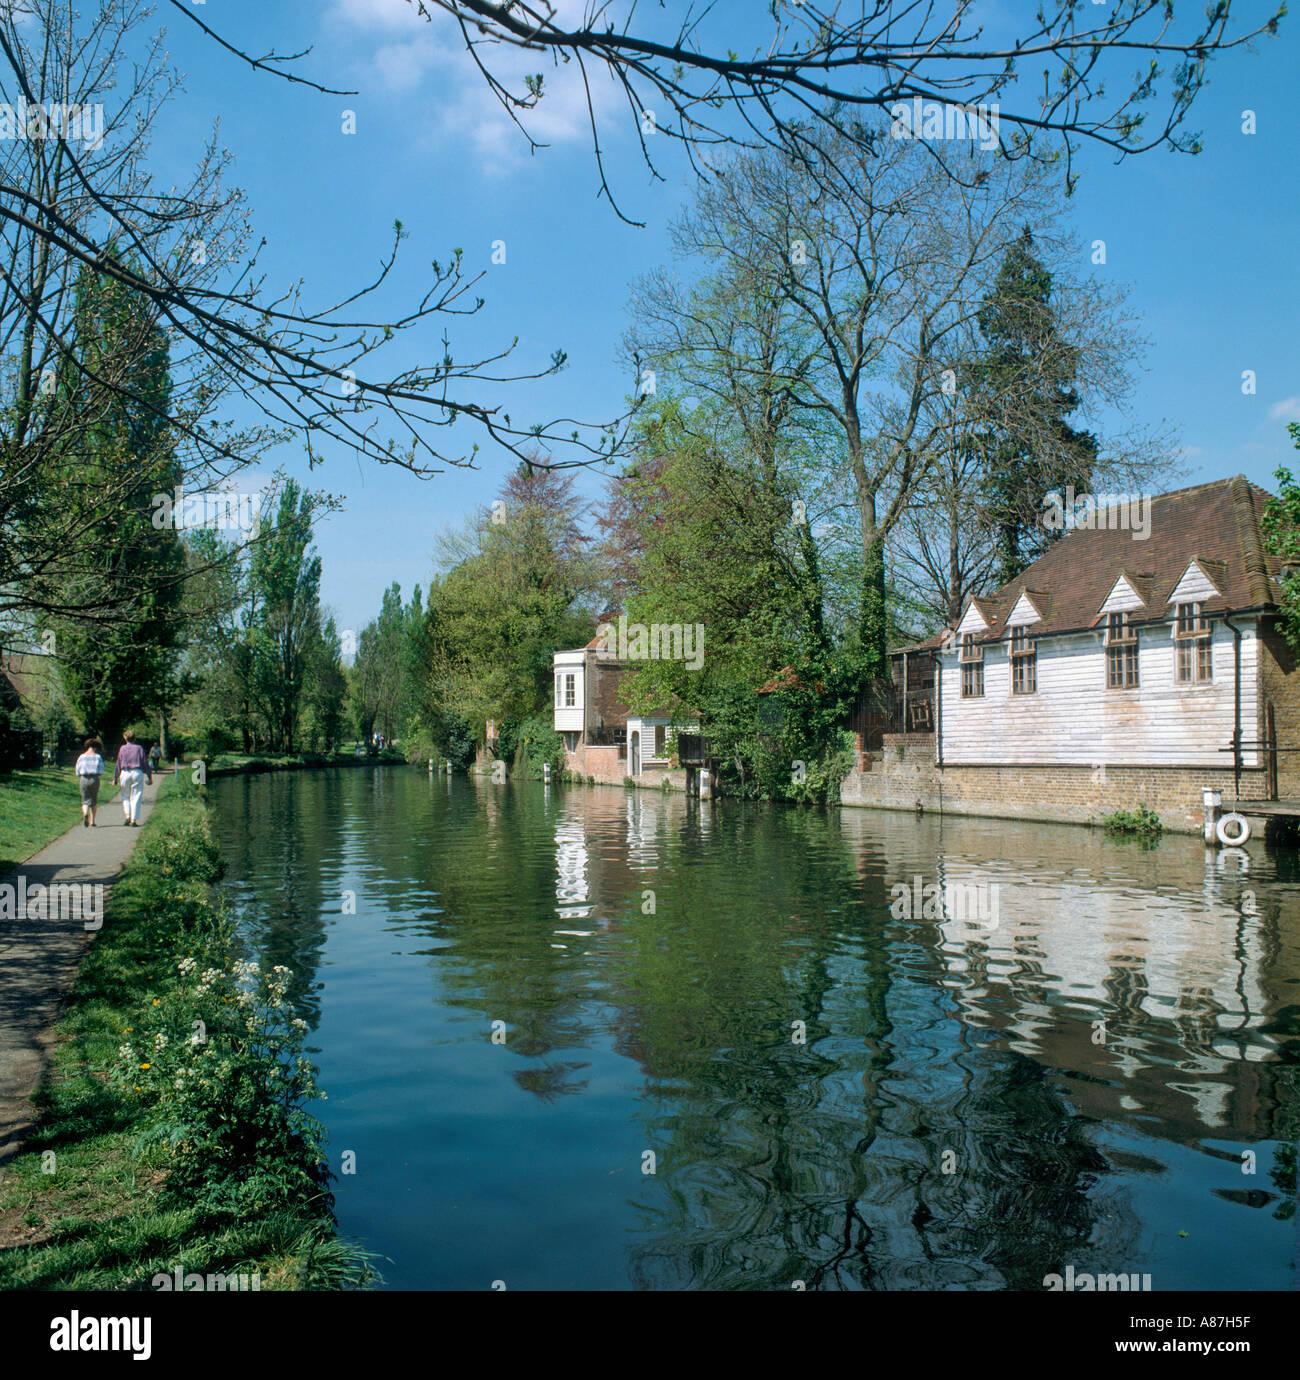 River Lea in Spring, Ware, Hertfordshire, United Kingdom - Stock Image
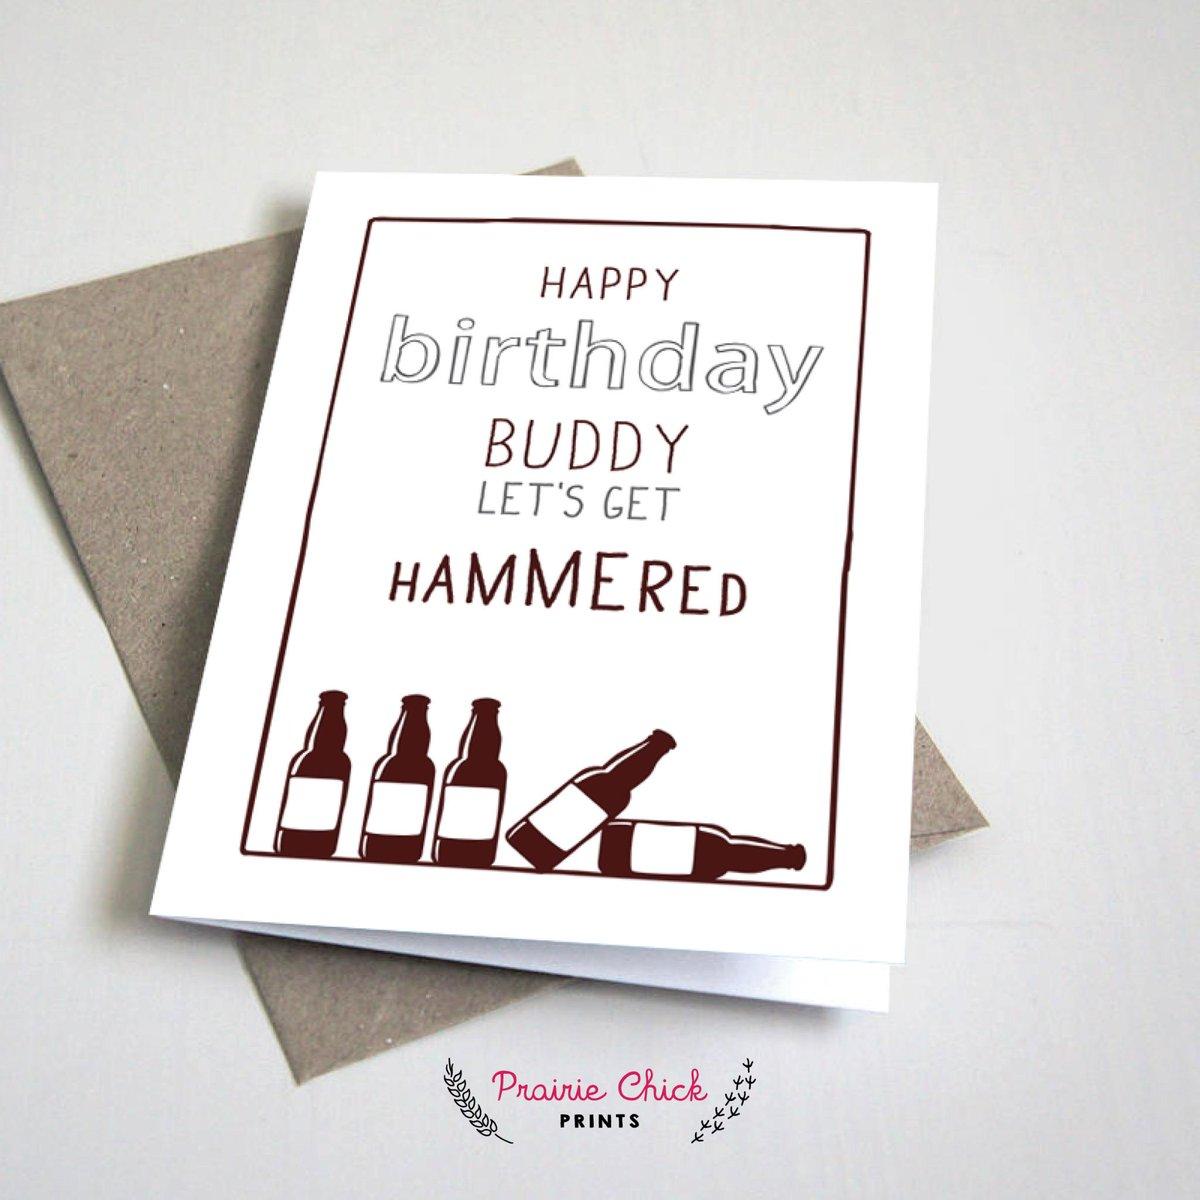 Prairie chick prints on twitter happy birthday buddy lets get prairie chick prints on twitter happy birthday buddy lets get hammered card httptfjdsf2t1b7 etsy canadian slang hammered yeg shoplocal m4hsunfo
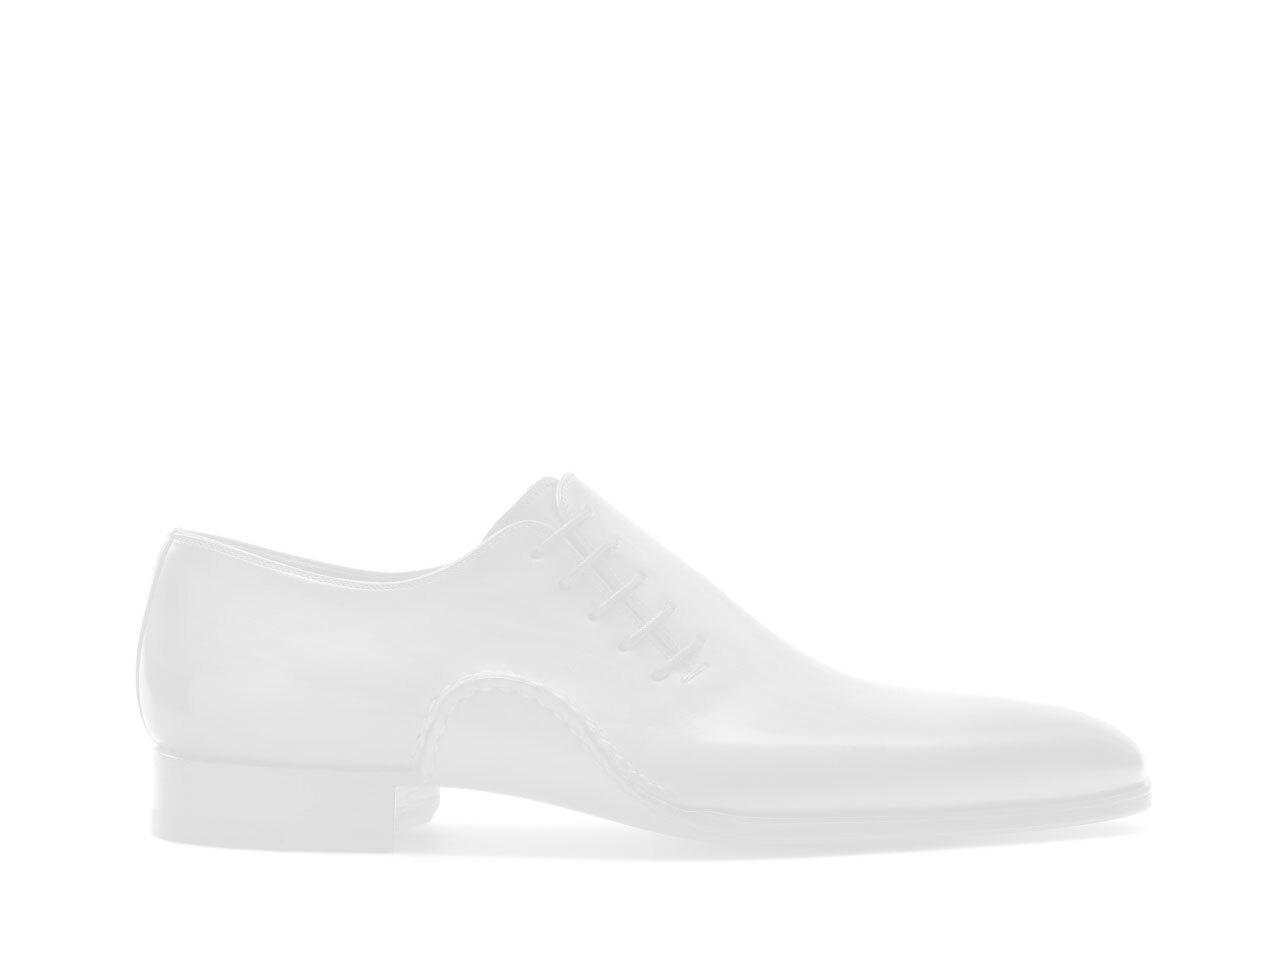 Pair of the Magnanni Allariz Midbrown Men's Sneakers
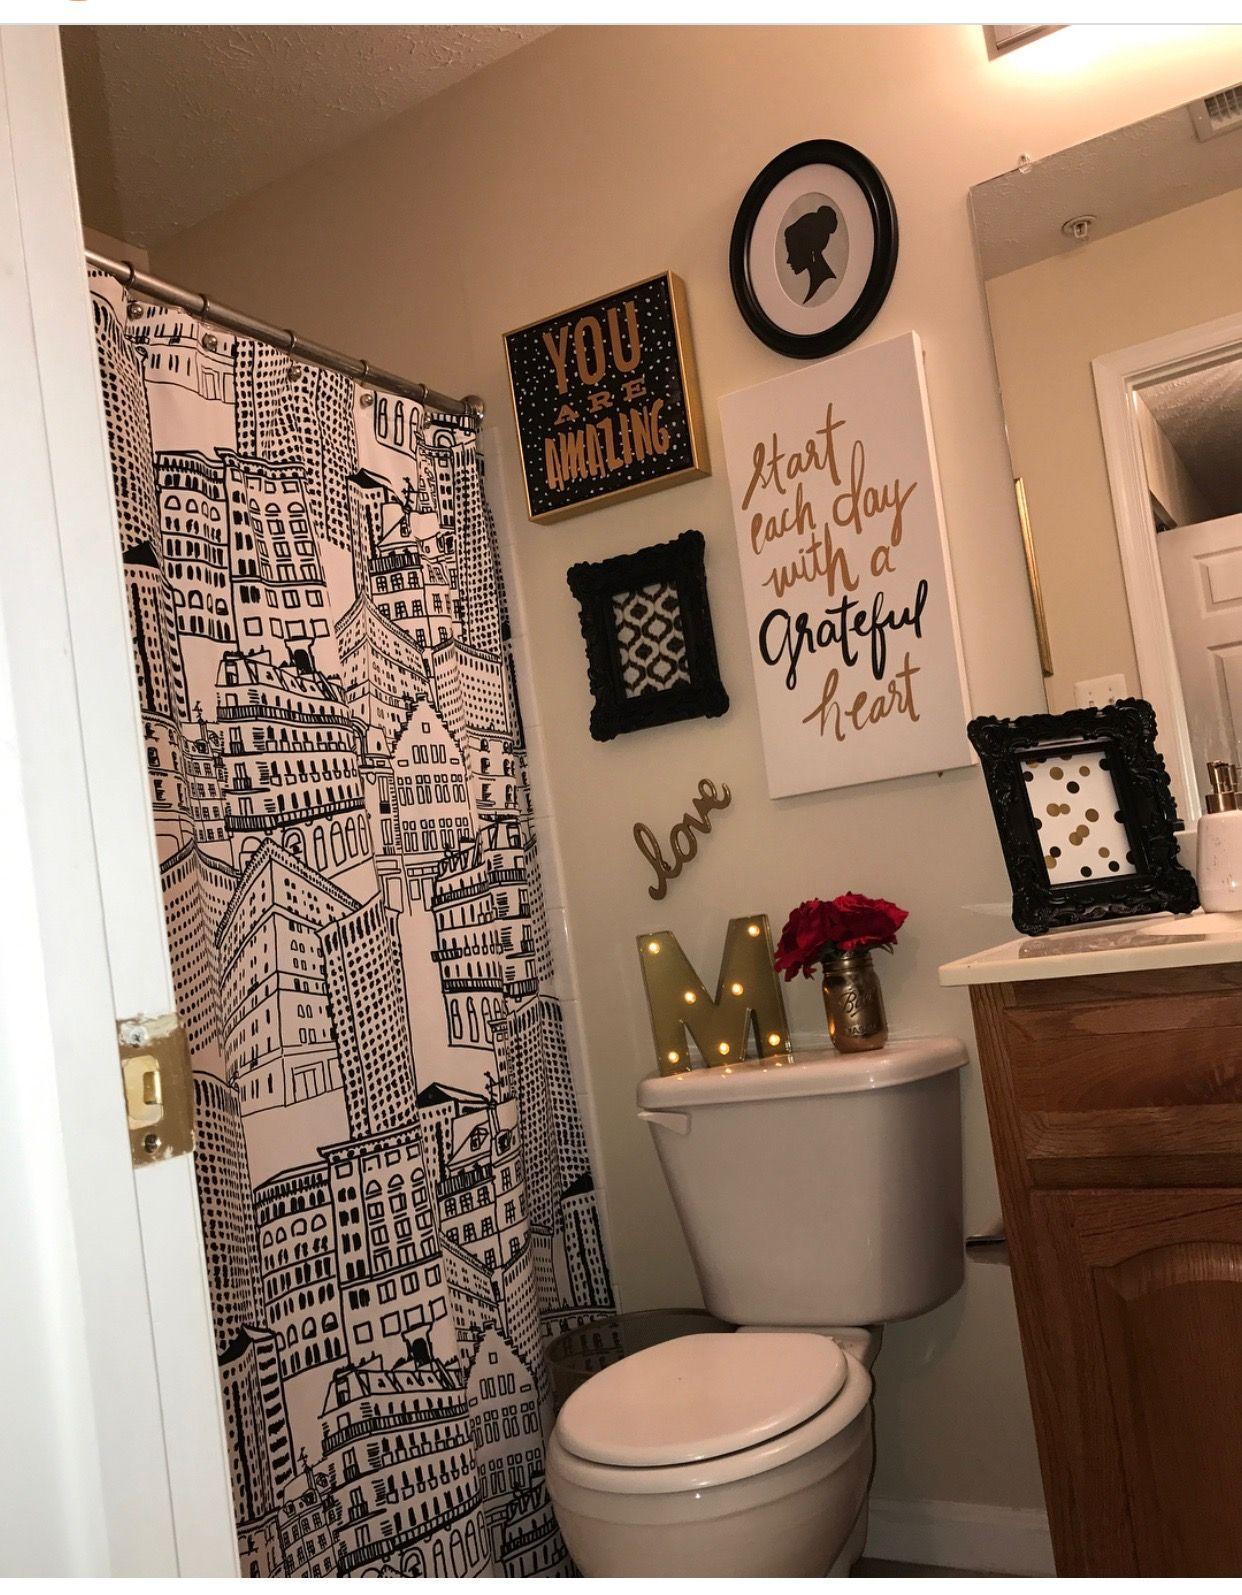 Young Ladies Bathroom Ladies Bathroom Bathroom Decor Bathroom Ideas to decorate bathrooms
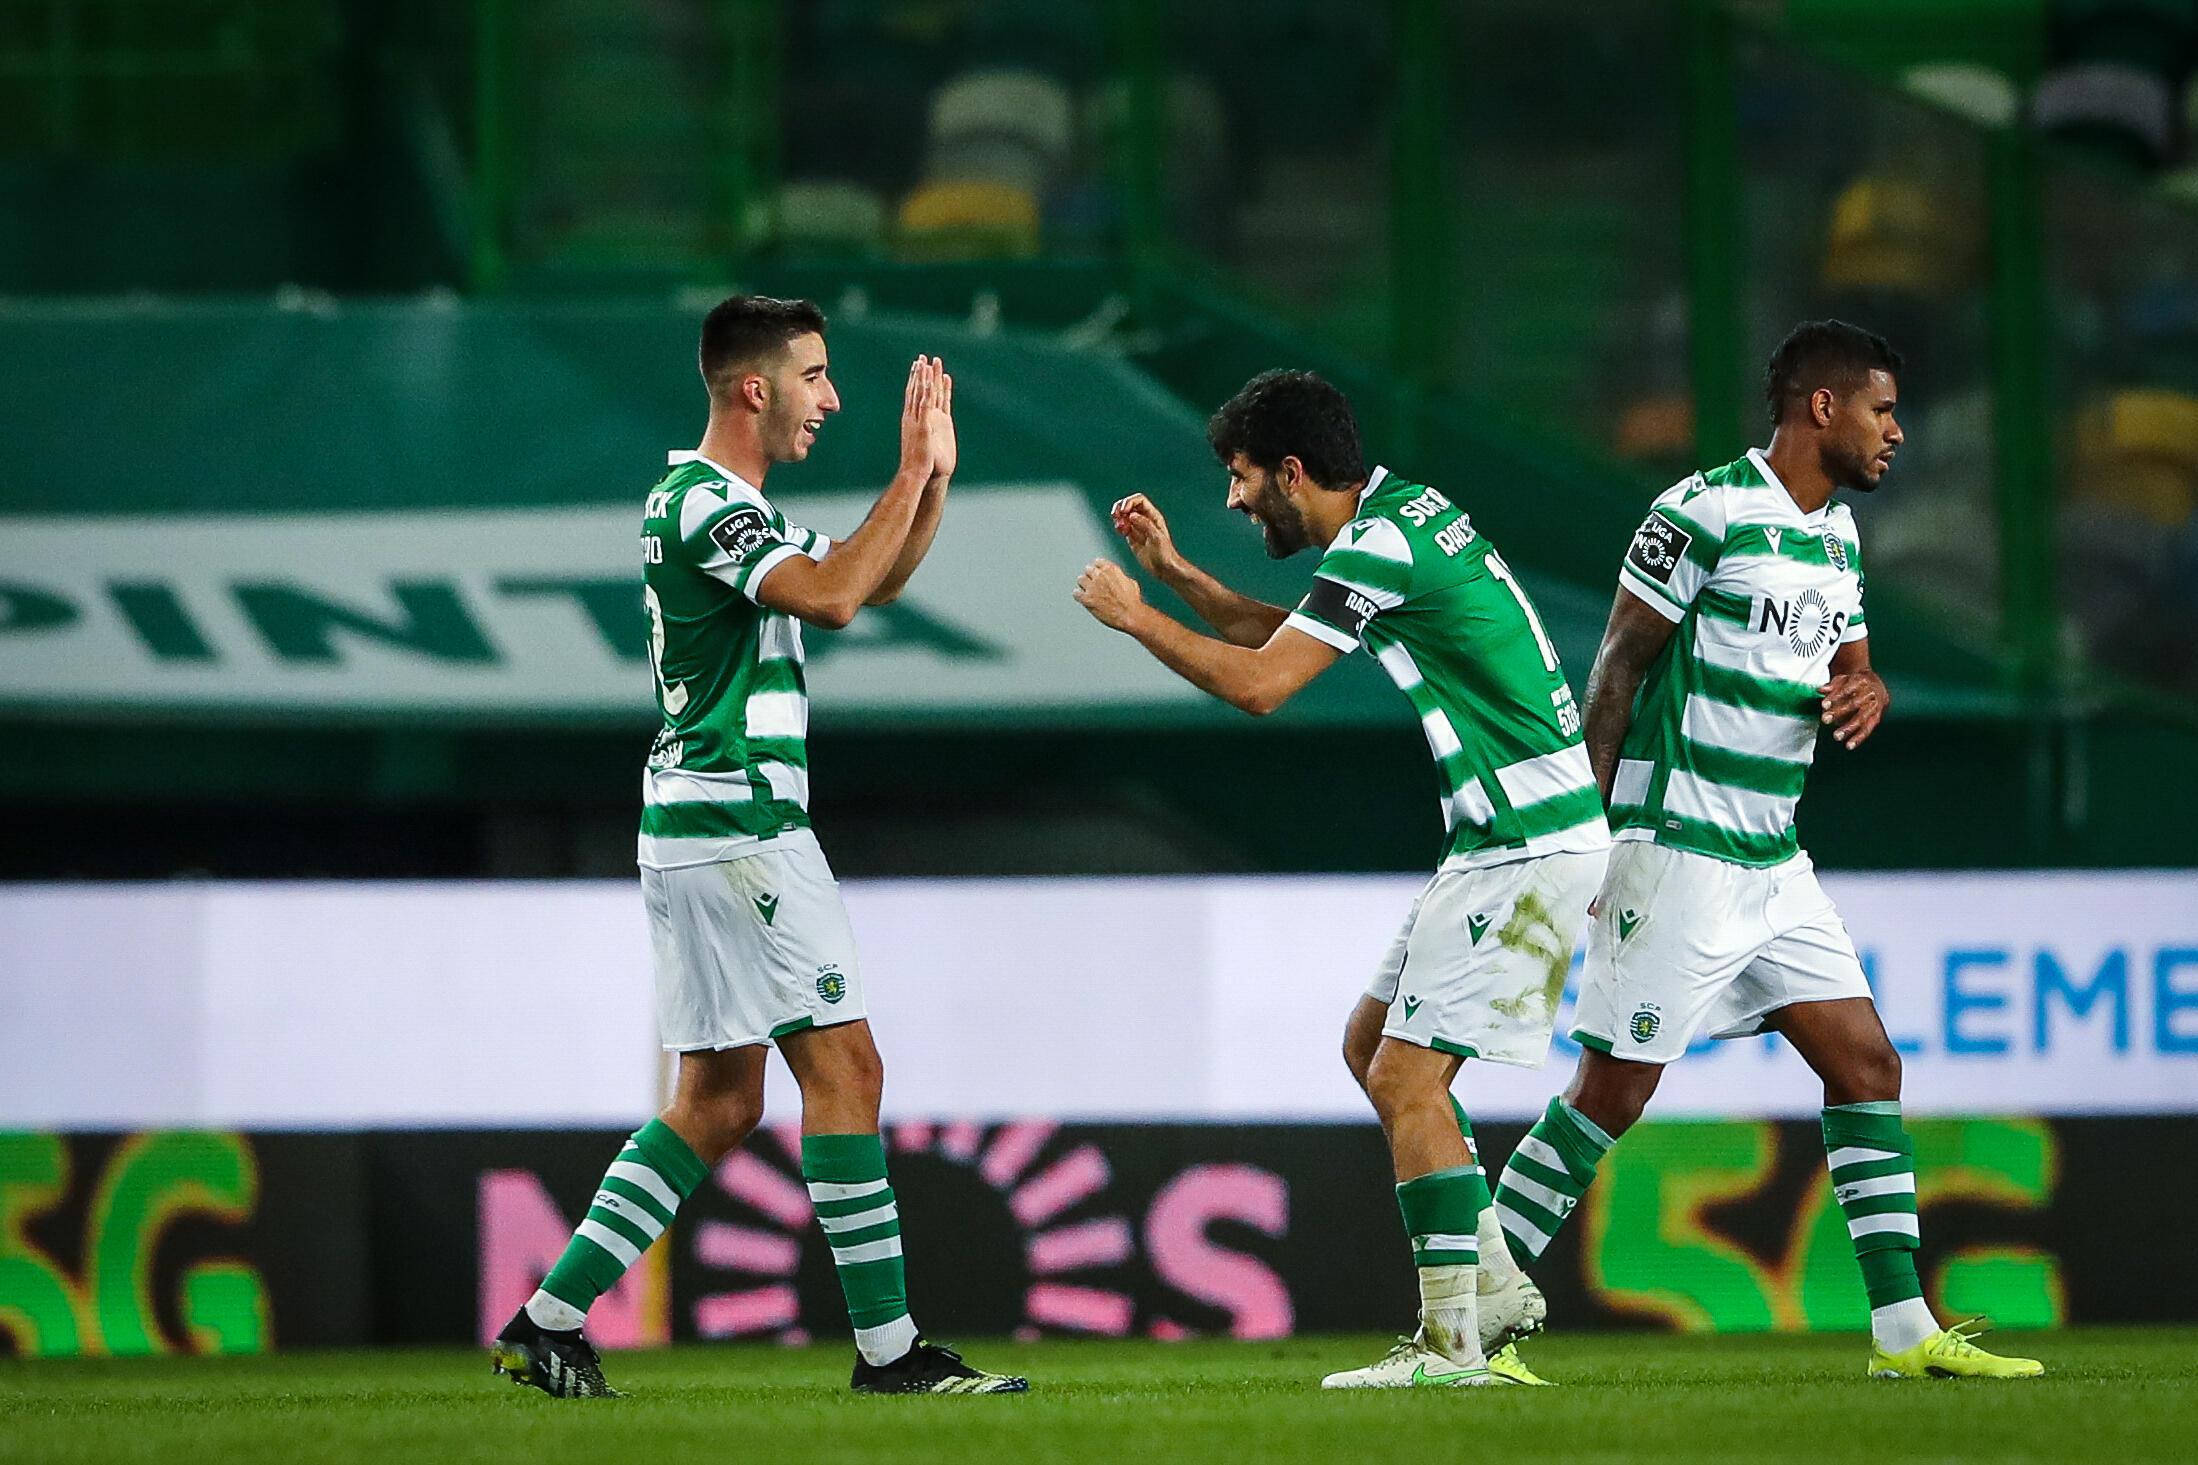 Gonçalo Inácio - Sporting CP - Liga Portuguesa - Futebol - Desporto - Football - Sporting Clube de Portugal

* * * * * * * * *

ACTION ITEM —
Everything in the material goes into the copy exactly, except the images.

FINISHED EXERCISE —
 River Lea in Spring, Ware, Hertfordshire, United Kingdom - Stock Image
 Prairie chick prints on twitter happy birthday buddy lets get prairie chick prints on twitter happy birthday buddy lets get hammered card httptfjdsf2t1b7 etsy canadian slang hammered yeg shoplocal m4hsunfo
 Pair of the Magnanni Allariz Midbrown Men's Sneakers
 Young Ladies Bathroom Ladies Bathroom Bathroom Decor Bathroom Ideas to decorate bathrooms
 Gonçalo Inácio - Sporting CP - Liga Portuguesa - Futebol - Desporto - Football - Sporting Clube de Portugal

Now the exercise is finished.